Warren McKenzie. [Image: HB11 Energy]
The July/August 2025 issue of Optics & Photonics News featured the magazine’s biennial feature spotlighting 10 Entrepreneurs to Watch. Here, we offer an interview with one of those entrepreneurs, Warren McKenzie, cofounder and managing director of HB11 Energy. HB11 is working to leverage boron fuel to achieve commercial laser fusion.
In a nutshell, what is the company doing?
We were the first of the modern-day, laser-driven fusion companies. We were really born out of a result where a few researchers were getting very high fusion rates from laser experiments with hydrogen–boron that were not national-lab scale, and they brought to light that there was some unknown science within hydrogen–boron fusion. If we can make it work, that solves many, many issues with fusion, albeit not without its challenges.
So the elevator pitch is hydrogen–boron. Fusion would unlock the largest source of clean energy on Earth, and we would make boron the fuel. It would have the same energy density as any other nuclear fuel, but with none of the radioactive waste. And this material is abundant. Boron is dollars per kilogram; if your garden is deficient in in boron, you can go and buy some borax from the hardware shop.

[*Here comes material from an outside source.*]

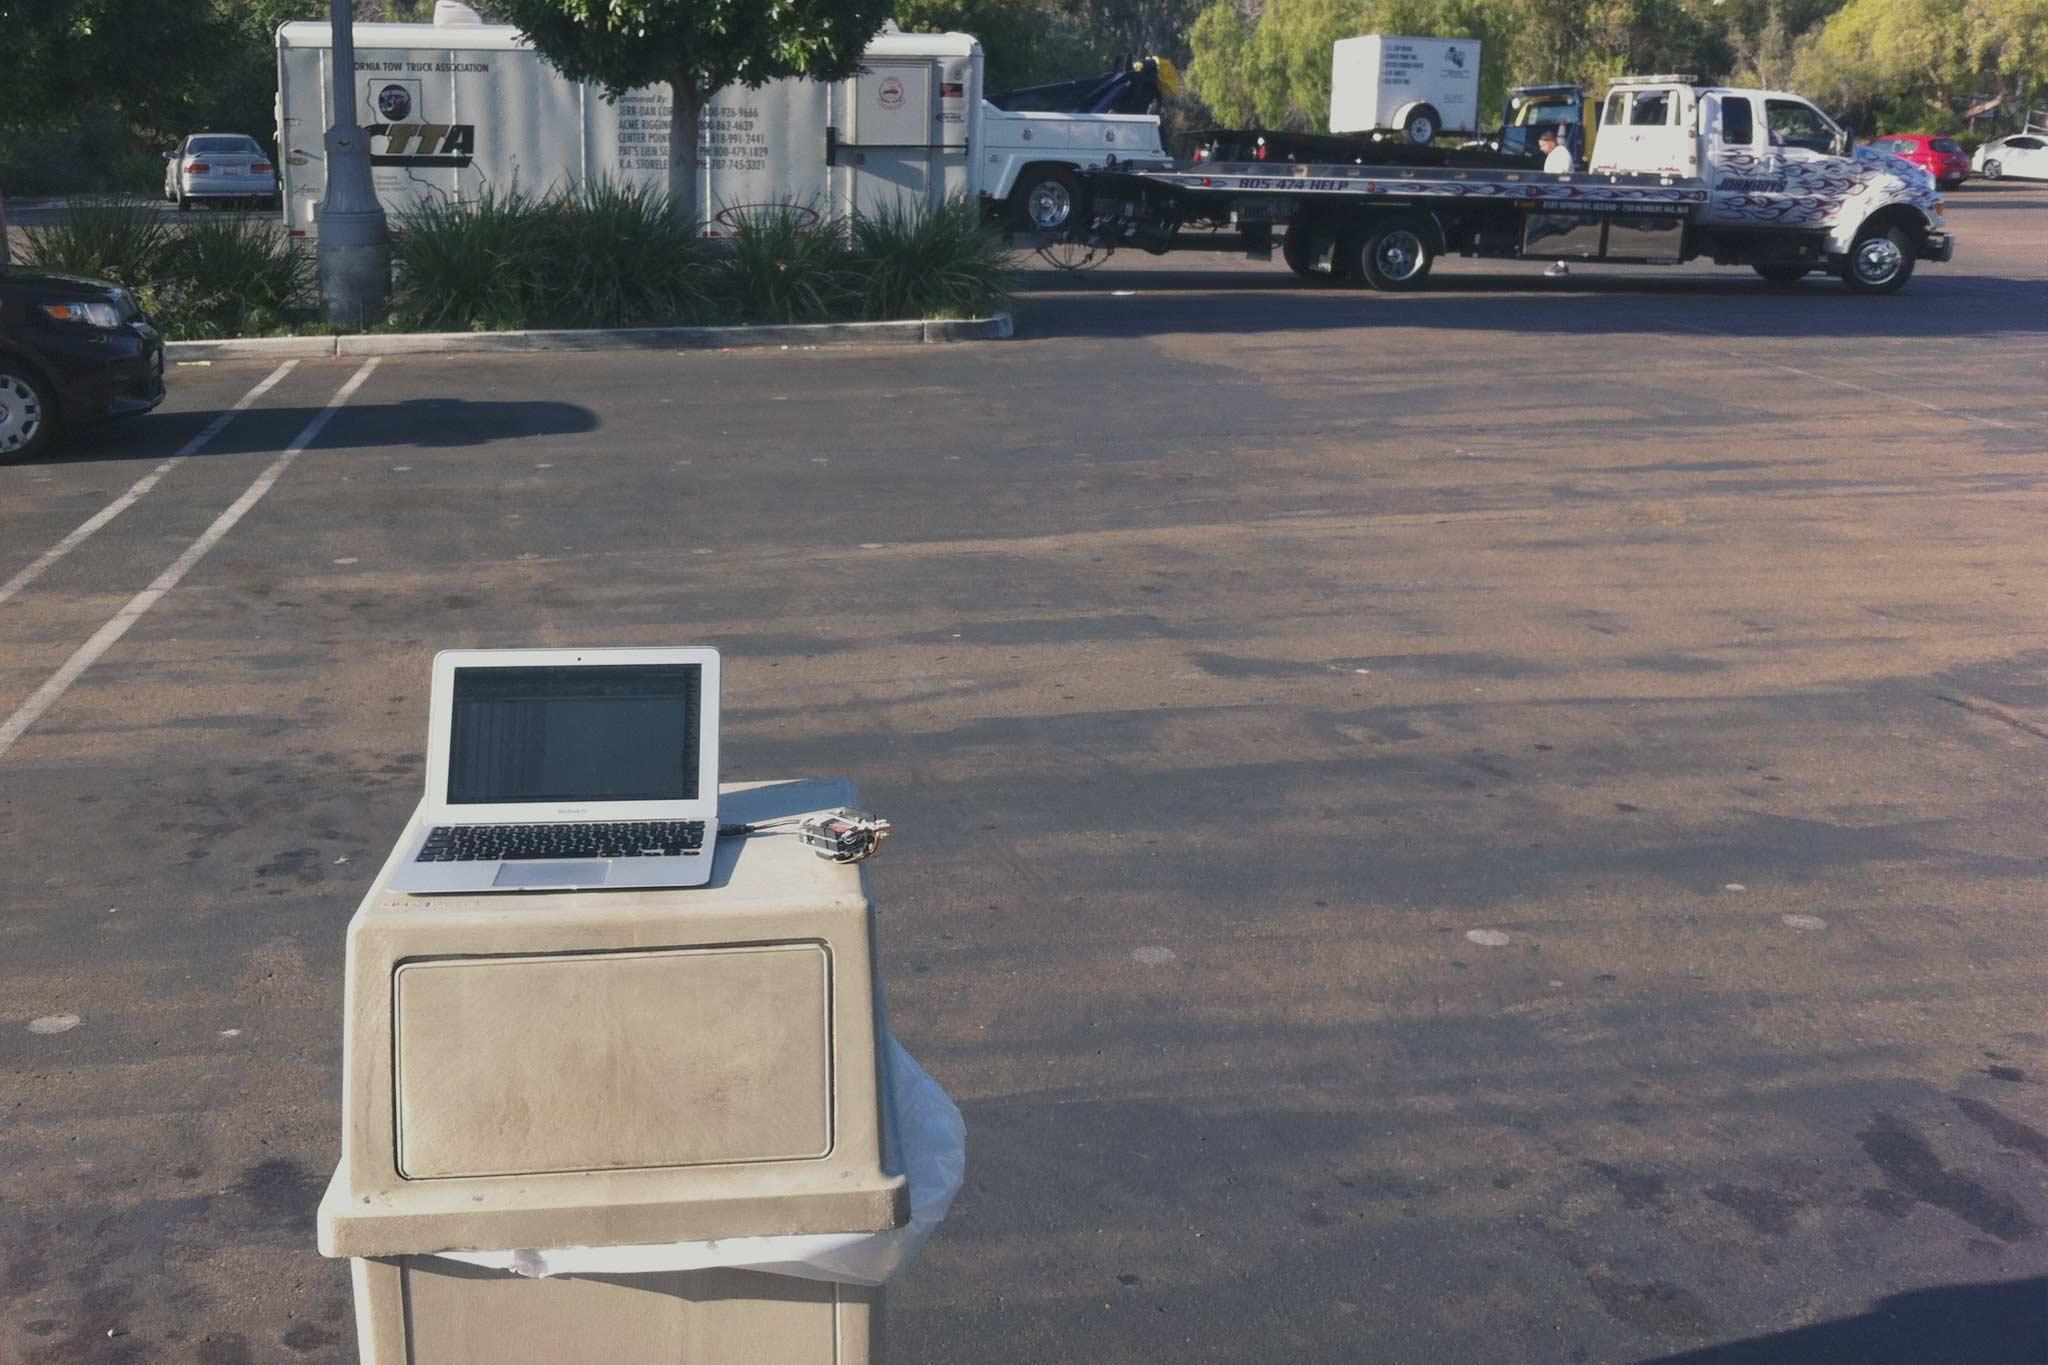 Air Sensing, Pollution Tracking and DIY Testing at 4S

How did you land on boron fuel?
Most of the world of fusion has focused on deuterium and tritium as fuel, so heavy hydrogen and super-heavy hydrogen. The problem is they are radioactive, and since ignition was achieved at the National Ignition Facility (NIF), making fusion commercial is the focus. Now, if you compare deuterium–tritium as a fuel with hydrogen and boron, we’re talking gunpowder versus wood—boron is much, much harder to ignite, and it doesn’t have as much energy in it as deuterium–tritium. But it has all these other advantages.

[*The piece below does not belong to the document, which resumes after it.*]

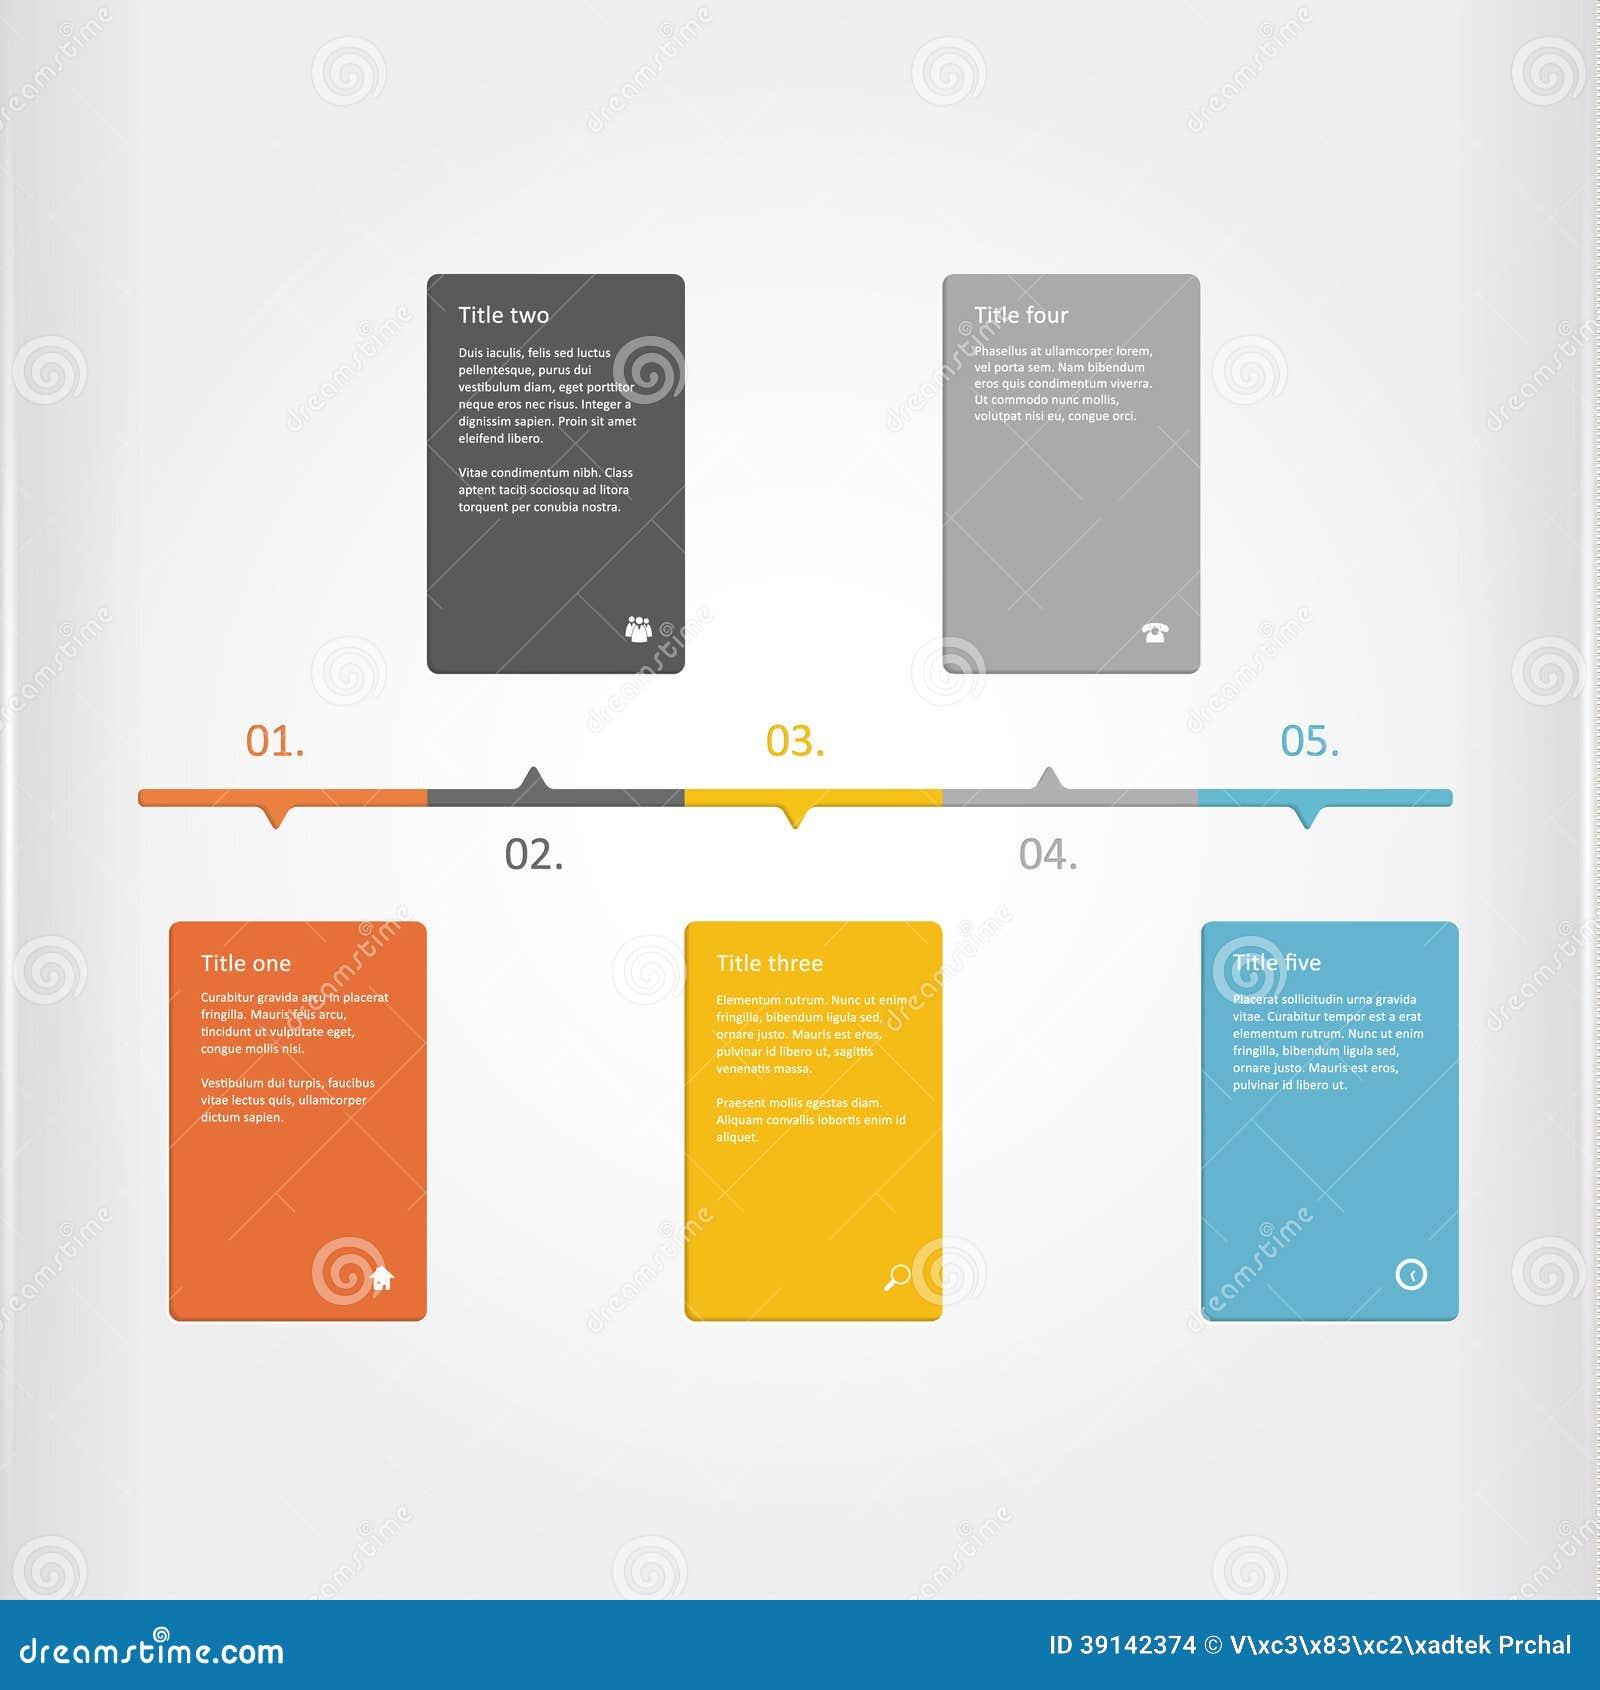 Vector Creative Timeline Template Matt Timeline Profile Colorf - Graphic timeline template

For a very long time, the field had written off hydrogen–boron fusion. It was not considered seriously. And still today, many people really do not believe it can be done. What changed that was, as I said, a few scientific results showing much, much higher reaction rates than anyone expected. And really that’s where it’s come from.
[Image: HB11 Energy]
So why hasn’t everyone done it? The short answer is that most people, until quite recently, didn’t think it worked. And it still is the case that to ignite a burning plasma similar to what NIF did is much, much harder with hydrogen–boron. The upside is there’s no tritium breeding, no radioactive waste, cheap and abundant fuels, no neutrons. Deuterium–tritium fusion will probably produce the first fusion energy on the grid—but probably not the first commercial fusion energy because there are cost restrictions.
Even more important than the cost issues, though, deuterium–tritium (D-T) cannot be globally deployed, partly because tritium is radioactive and difficult to transport, but also because of technology proliferation restrictions. The US fusion energy strategy actually mentions proliferation risk specifically around tritium production technologies
And our mission for the company is UN Sustainable Development Goal seven, which is to ensure access to affordable, reliable, sustainable and modern energy for all. So it will be very difficult for deuterium–tritium fusion help bring people out of poverty around world because it’s going to be bound by proliferation controls, whereas hydrogen–boron fusion will not.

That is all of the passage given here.